> INSTRUCTIONS FOR THE TASK
Quote the listing below in its entirety, omitting every image.

> SUPPLIED DATA
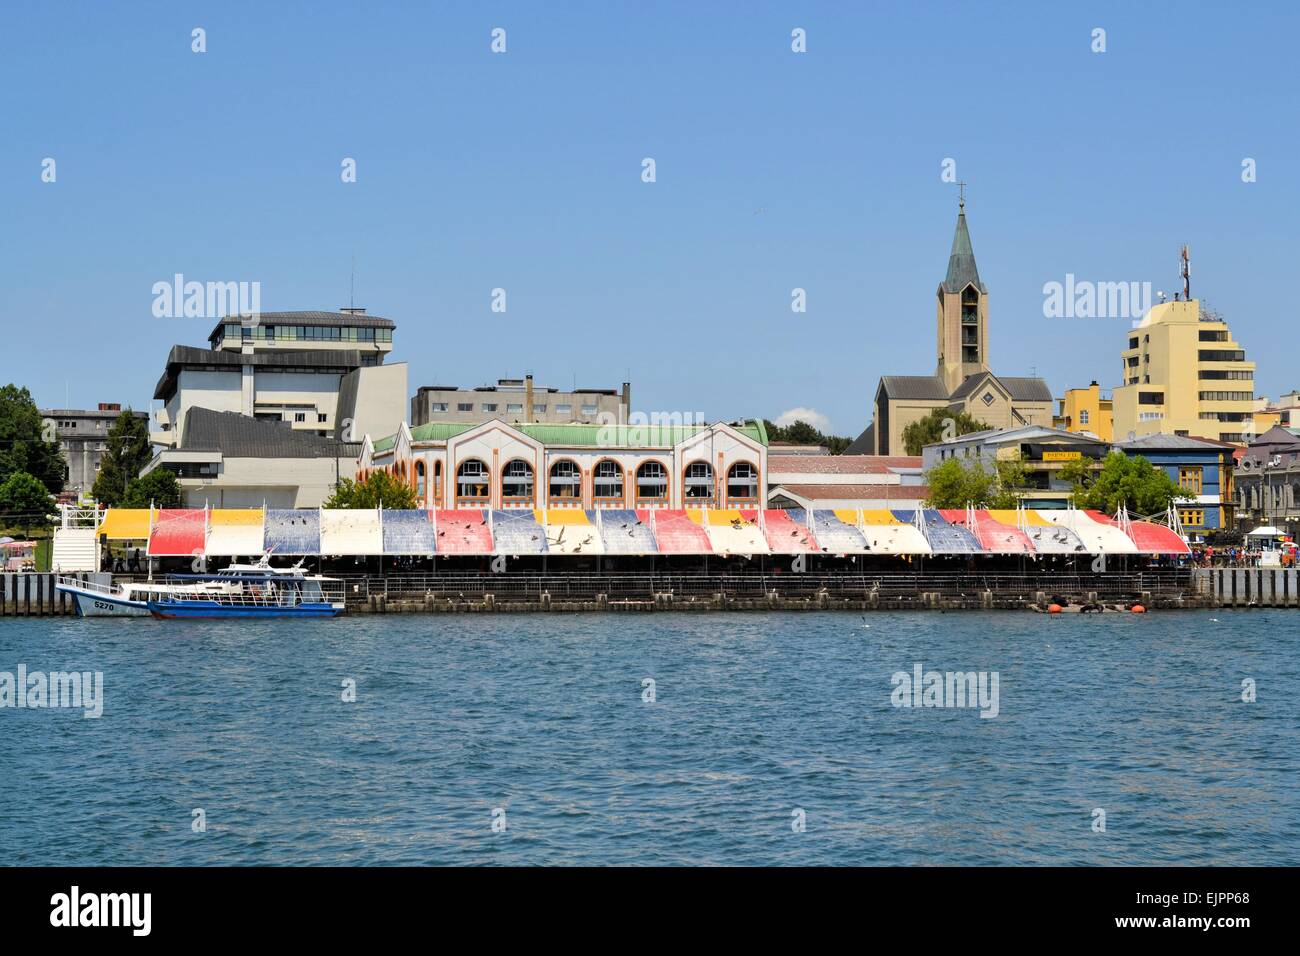 Old center with fish market and river, Valdivia, Chile Stock Photo
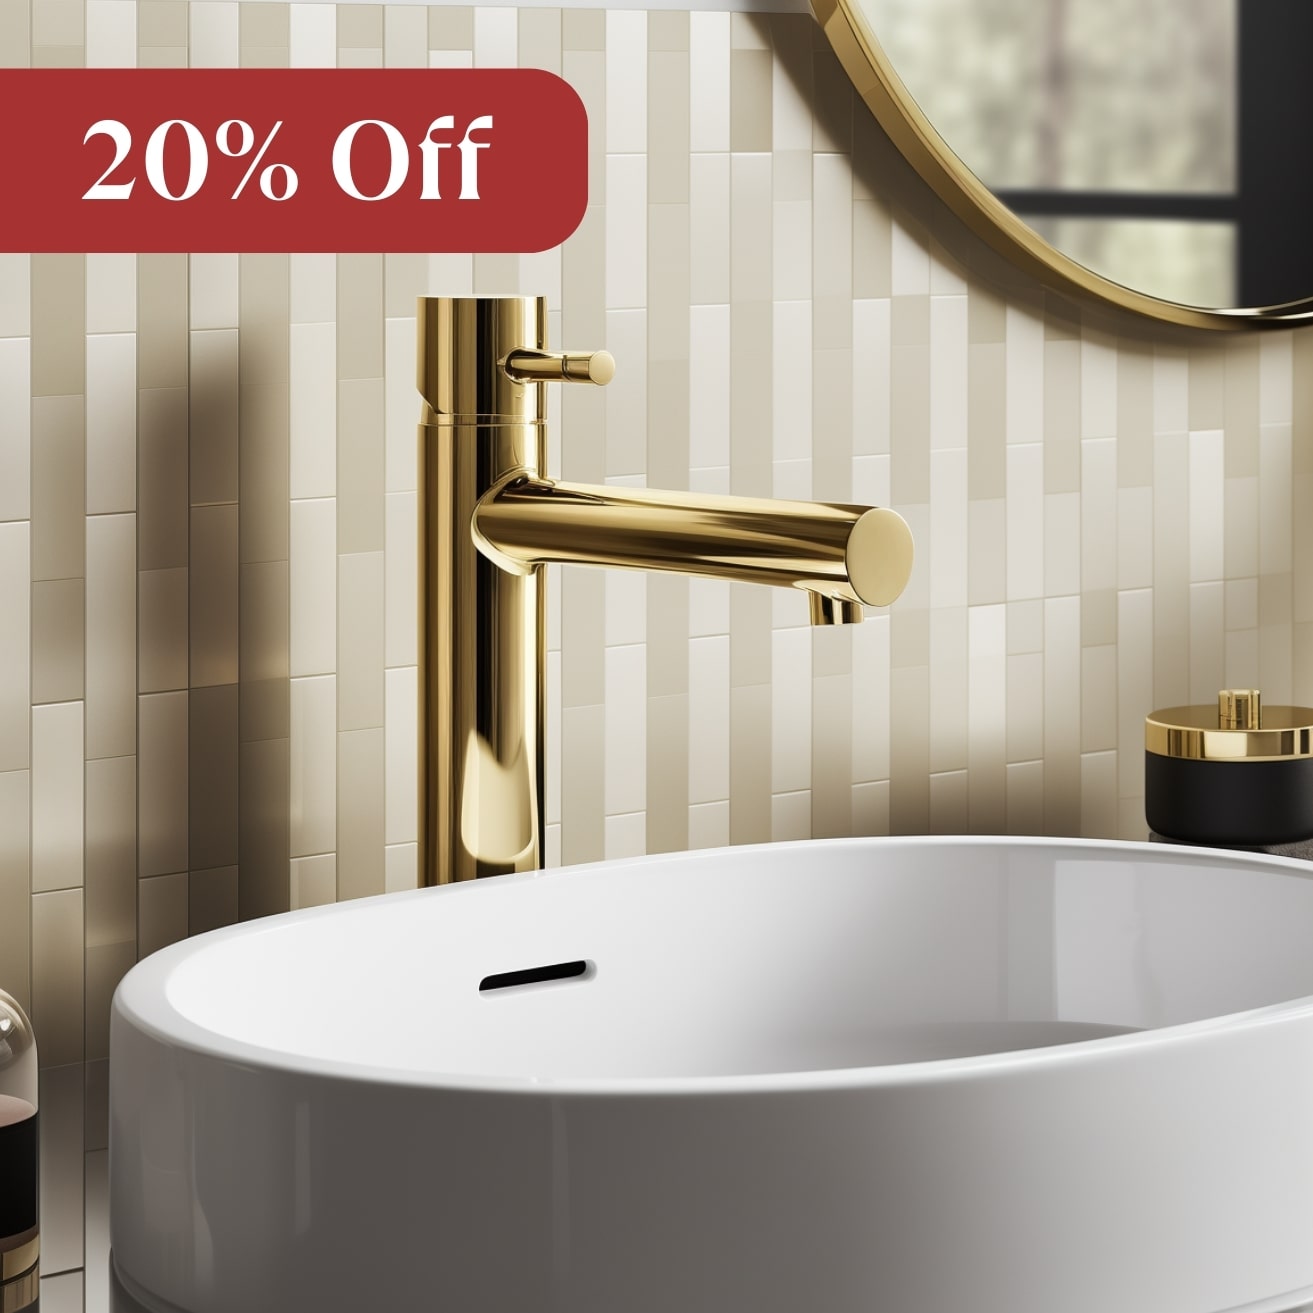 20% Off Faucets
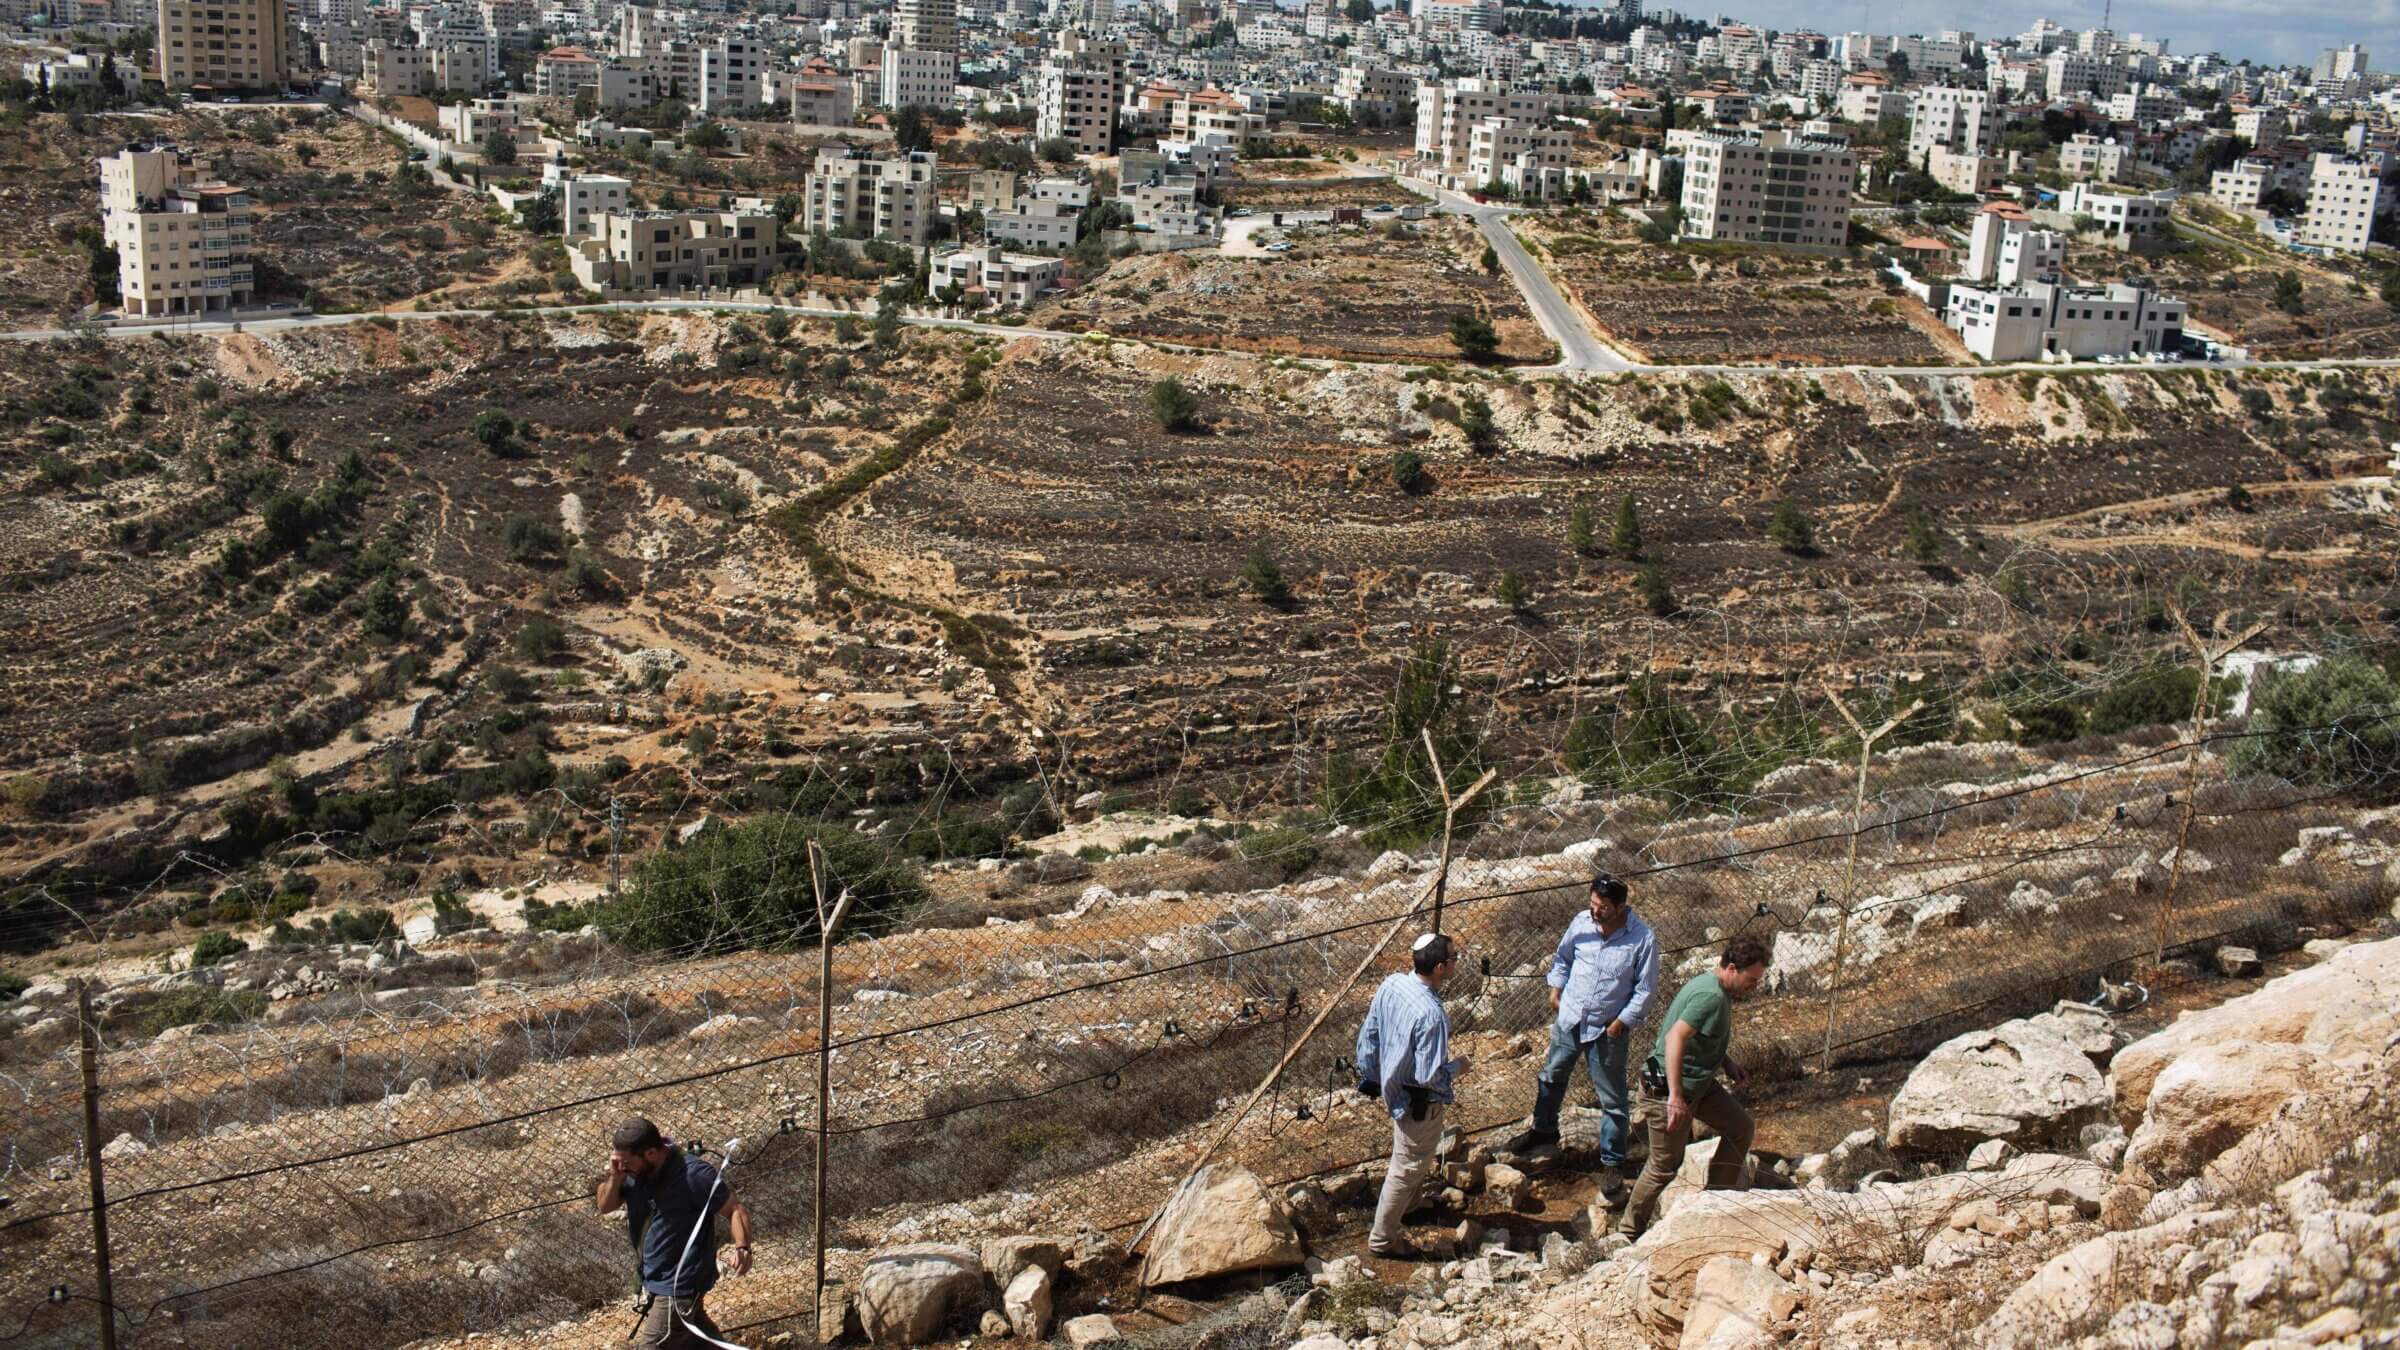 Armed Israeli settlers walk next to the fence between the Jewish settlement of Psagot and the Palestinian town of Al-Bireh in 2013. The Jewish Federations of North America and UJA-Federation sponsored a conference promoting Israel economic development in the West Bank.

> TASK RESULT
 Old center with fish market and river, Valdivia, Chile Stock Photo
 20% Off Faucets
 Armed Israeli settlers walk next to the fence between the Jewish settlement of Psagot and the Palestinian town of Al-Bireh in 2013. The Jewish Federations of North America and UJA-Federation sponsored a conference promoting Israel economic development in the West Bank.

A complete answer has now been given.